Sounds like they weren't trying to do work on production.

murillians

I think it's just a joke

yelloweyes

lol it's a scoreboard app

aszen

I had a narrow escape once doing something fancy with migrations.

We had several MySQL string columns as long text type in our database but they should have been varchar(255) or so. So I was assigned to convert these columns to their appropriate size.

Being the good developer I was, I decided to download a snapshot of the prod database locally and checked the maximum string length we had for each column via a script. Using this script it made a migration query that would alter column types to match their maximum used length keeping the minimum length as varchar (255).

I tested that migration and everything looked good, it passed code review and was run on prod. Soon after we start getting complaints from users that their old email texts have been truncated. I then realize the stupidity of the whole thing, the local dump of production database always wiped out many columns clean for privacy like the email body column. So the script thought it had max length of 0 and decided to convert the column to varchar(255).

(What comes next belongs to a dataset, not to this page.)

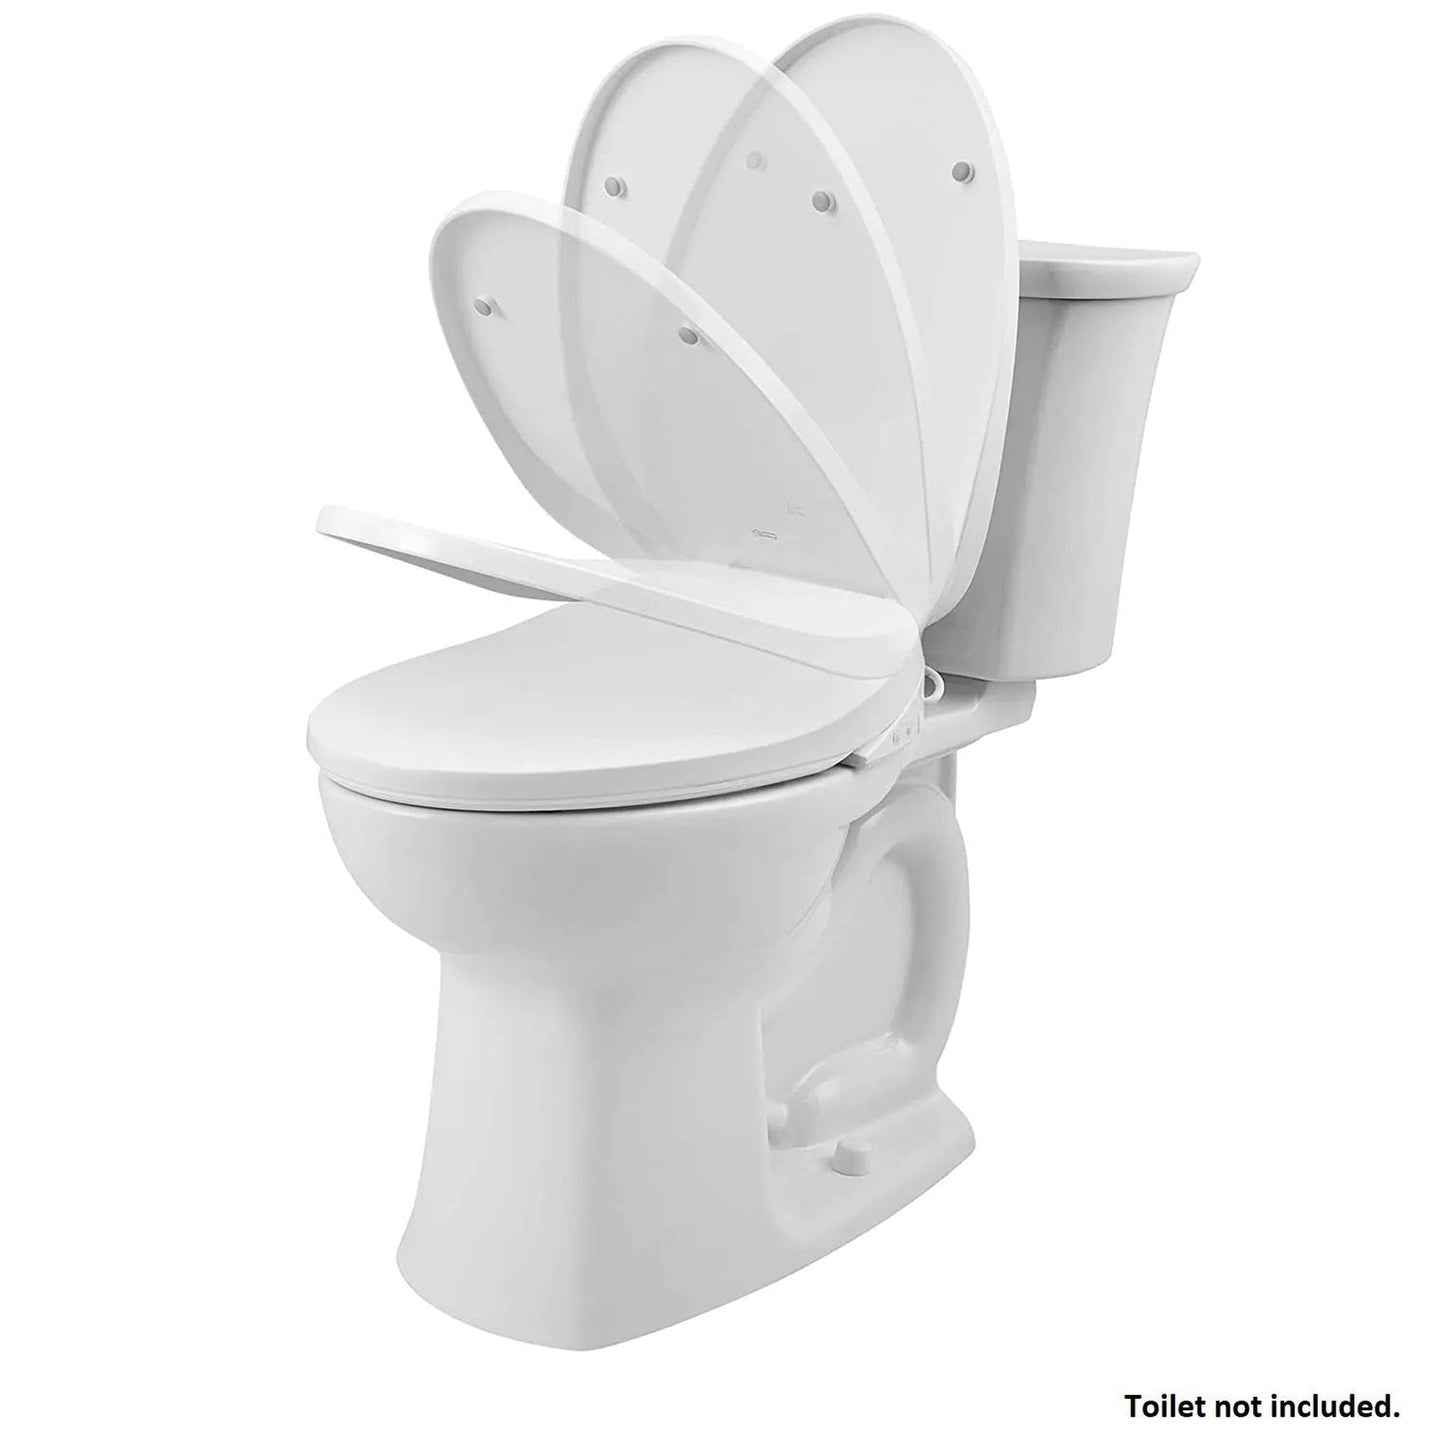 Aim to Wash! 20" Elongated White Electric Smart Bidet Toilet Seat With Knob Control Operation

I realize the whole thing may look incredibly stupid, that's only because the naming for db columns was in a foreign european language so I didn't know even know the semantics of each column.

Thankfully my seniors managed to restore that column and took the responsibility themselves since they had passed the review.

We still did fix those unusually large columns but this time by simple duplicate alter queries for each of those columns instead of using fancy scripts.

I think a valuable lesson was learned that day to not rely on hacky scripts just to reduce some duplicate code.

I now prefer clarity and explicitness when writing such scripts instead of trying to be too clever and automating everything.

heavenlyblue

And you didn’t even bother to do a query of the actual maximum length value of the columns you were mutating? Or at least query and see the text in there?

Basically you just blindly ran the migration on the data and checked if it didn’t fail?

The lesson here is not about cleverness unfortunately.

aszen

I did see some values and found them reasonable, problem of the whole thing was there were atleast 200 or so tables with dozens of columns each and only two or so tables were excluded from being dumped locally.

So yes I could have noticed their length 0 if I had looked carefully amidst hundreds of rows but since my faulty logic of prod db = local db didn't even consider this possible I didn't bother.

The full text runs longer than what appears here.